Belle, once generous is hoarding Kera away. Pilate, once the navigator is lost. Rainbow, once the leader that brought them together is doing nothing to keep them that way.
Ahaha, oh god
You write some god-tier banter, my friend
And hell, that scene with Zaid and Kera made me feel like a motherfucker... and Belle's actions make perfect sense, really. She's been through a lot too, and she's clinging to the only way she knows how to keep control of her spiral of a life.
There should be a comma before "period" or this sentence has a totally different meaning.
I'm really digging belle and pilate growing and not being perfect.
Hey, somepony's possibly started to crack Kera's shell... so of course Belle has to take offense at the first sign of progress for this whole crew in ages.

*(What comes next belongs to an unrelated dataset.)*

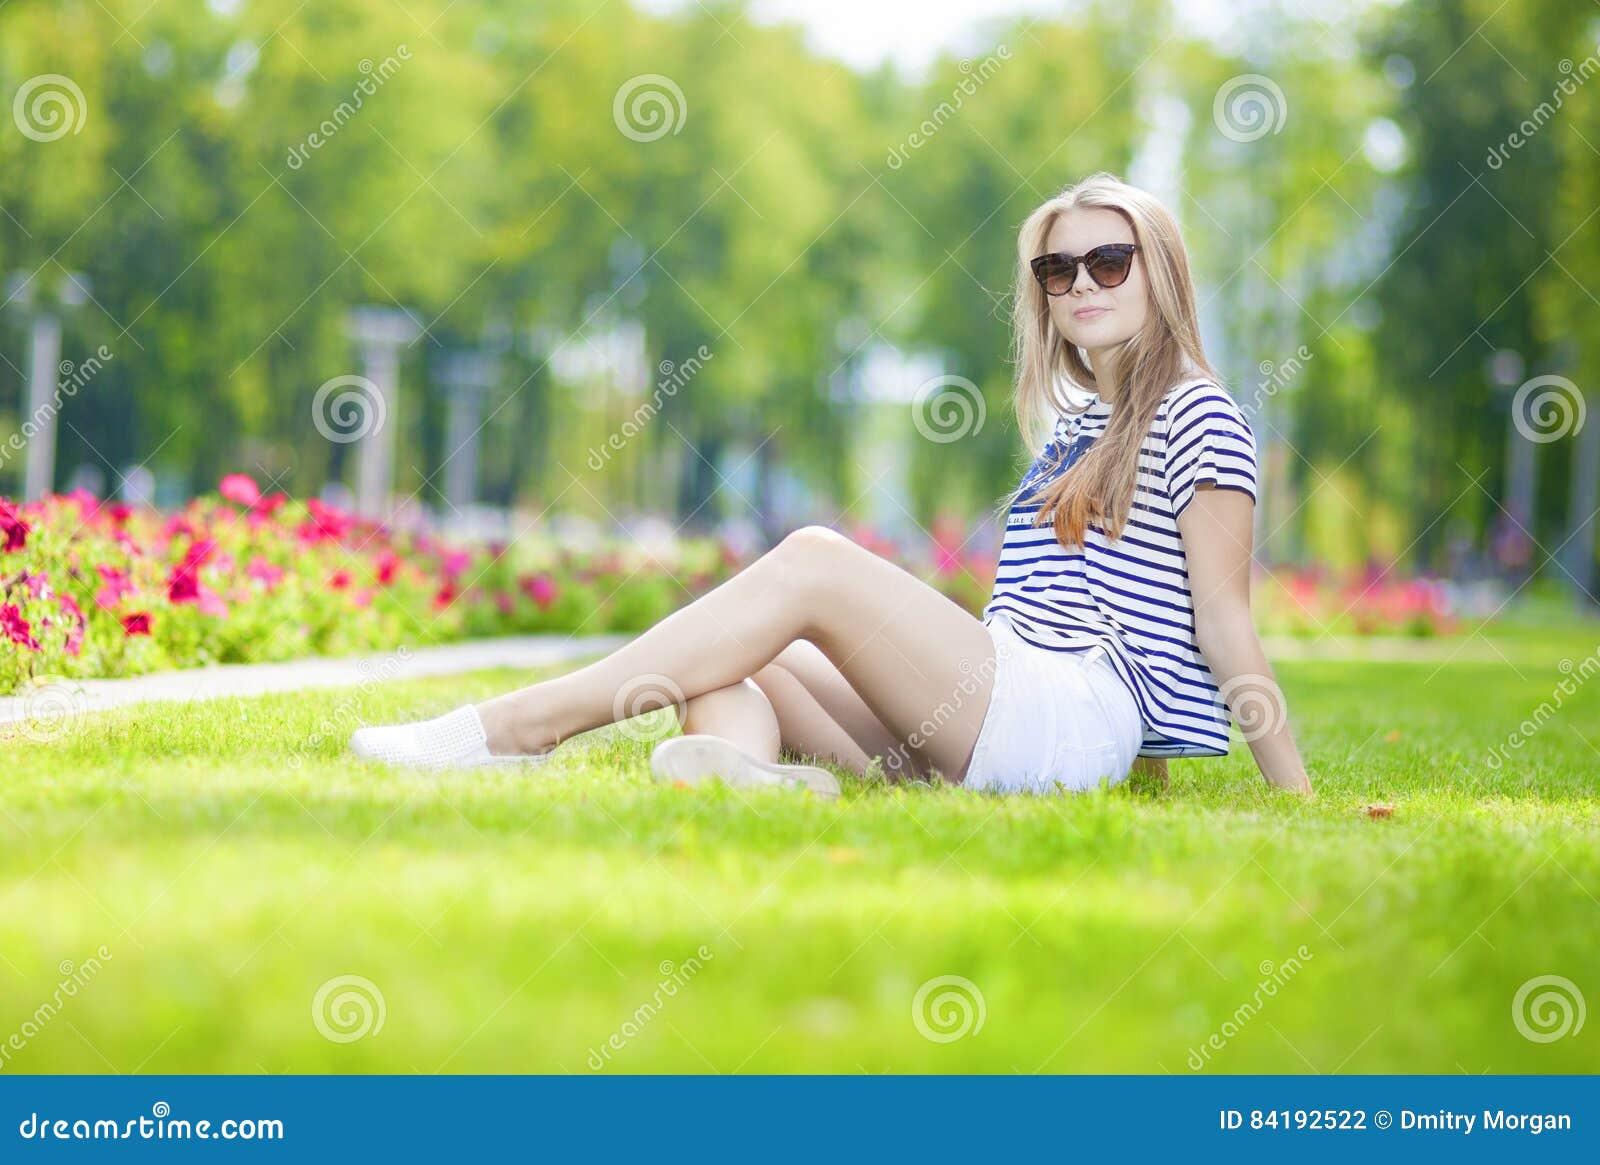 Concepts de mode de vie d adolescents Ado blond caucasien tranquille mignon

For the love of God, Belle! Kera had more of a reaction after a few minutes of being outside of that room than she did with apparently weeks spent in there! Besides, if you're going through real traumatic depression, you really shouldn't keep yourself in just silence and darkness and sleep. That's how you drive yourself further down into depression, not how you fix it.
Zaid... I didn't expect to like him as much as I do now. He's a goofball and he's straight up insane sometimes, but he has a great heart and he's actually pretty smart when he wants to be. Hopefully he can keep breaking through to Kera.
Or backup manacore container, as it were.
I miss Roarke.
That sentence would probably be less ambiguous with a comma.
Also sheesh. RD is a dunce, Belle is a dunce, what is it with this ship of unhappy fools?